Git though? I felt pretty confident with how it worked and basic command line operation after just a weekend.

Maybe git's command line is more inconsistent than hg's or subversions', but in the grand scheme of software difficulty? I just don't get the complaints. "Incomprehensible"? Give me a break. It does not hold a candle to most commercial professional software.

sp332 · on March 26, 2015

You are not required to understand this concept. But if you're working on a large team and your branch history gets this complicated, you can still effectively use git to manage it. Try that with less-popular version control systems. (Mercurial comes to mind, actually.)

imakesnowflakes · on March 27, 2015

What is it that you can do in git, that you can't do in Mercurial?

kinghajj · on March 27, 2015

I believe one piece still missing is the full functionality provided by the index in Git. There is the record extension, but IIRC that doesn't emulate one of the index's greatest features: during a merge/rebase, non-conflicting changes are already staged, so "git diff" shows only conflicts (and "git diff --cached" shows those changes that merged successfully).

imakesnowflakes · on March 27, 2015

Mercurial does this, and you only have to manually resolve conflicting changes during a merge/rebase. See here

http://mercurial.selenic.com/wiki/MergeToolConfiguration

I think you might have tried this on a instance of Mercurial where the "premerge" option of the merge tool has been turned off for some reason..

sergiotapia · on March 26, 2015

Git won because of Github, it's an unpopular opinion but I stand by it. If Github did not exist, Git wouldn't have been adopted by so many projects.

josteink · on March 27, 2015

> Git won because of Github, it's an unpopular opinion but I stand by it.

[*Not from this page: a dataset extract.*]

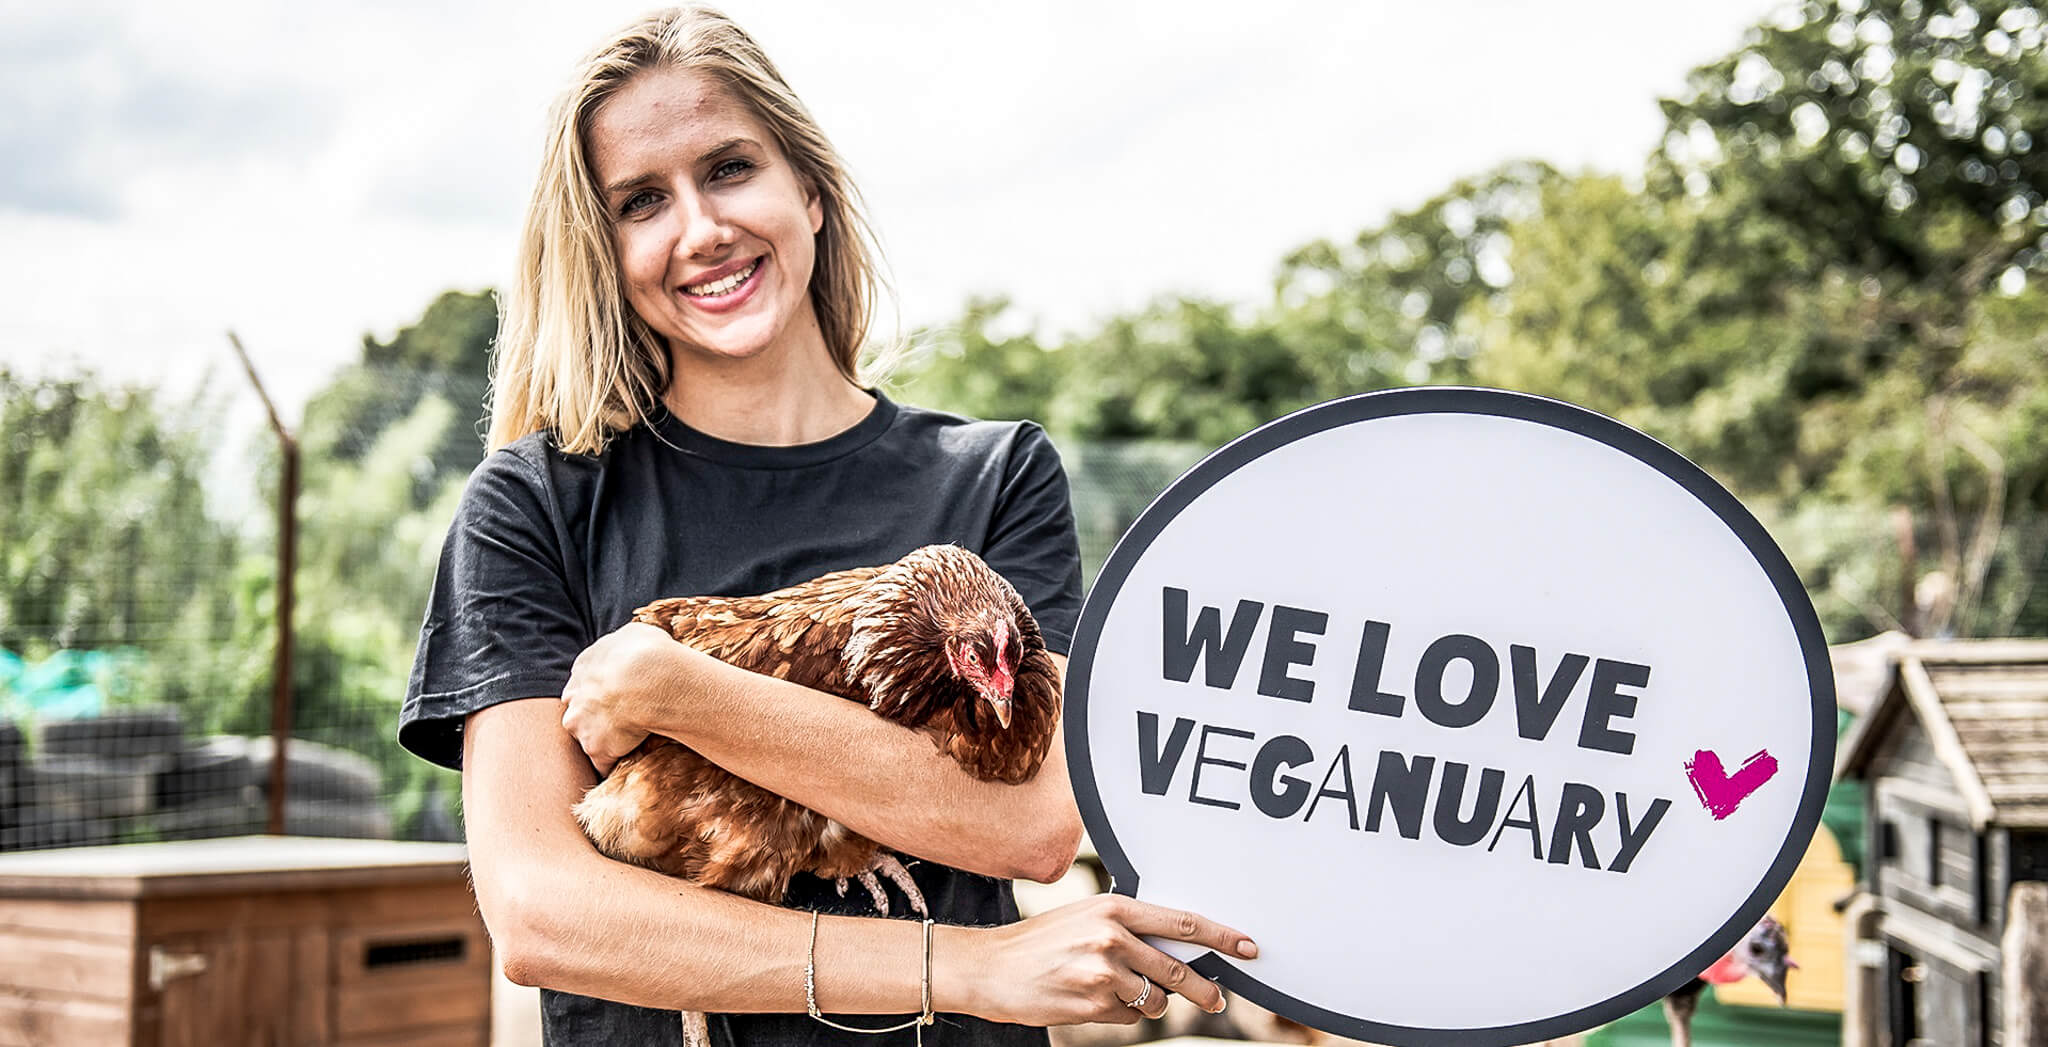 Frau hält Huhn und Schild "We love Veganuary"

Quite often you will find the exact opposite statement: Github succeeded because it rode on the success of Git.

I'm not saying your position is wrong, but they cannot both be right.

brown9-2 · on March 27, 2015

Sometimes technical things are complicated, because people don't work or communicate in tidy ways.

You could make similar complaints about many of the foundations that make technology possible. Take for example a protocol that enabled you to read this message: http://en.wikipedia.org/wiki/Transmission_Control_Protocol#/...

semi-extrinsic · on March 26, 2015

So by your logic, we shouldn't have helicopters? Using them arguably requires a lot more understanding of complicated things than git does.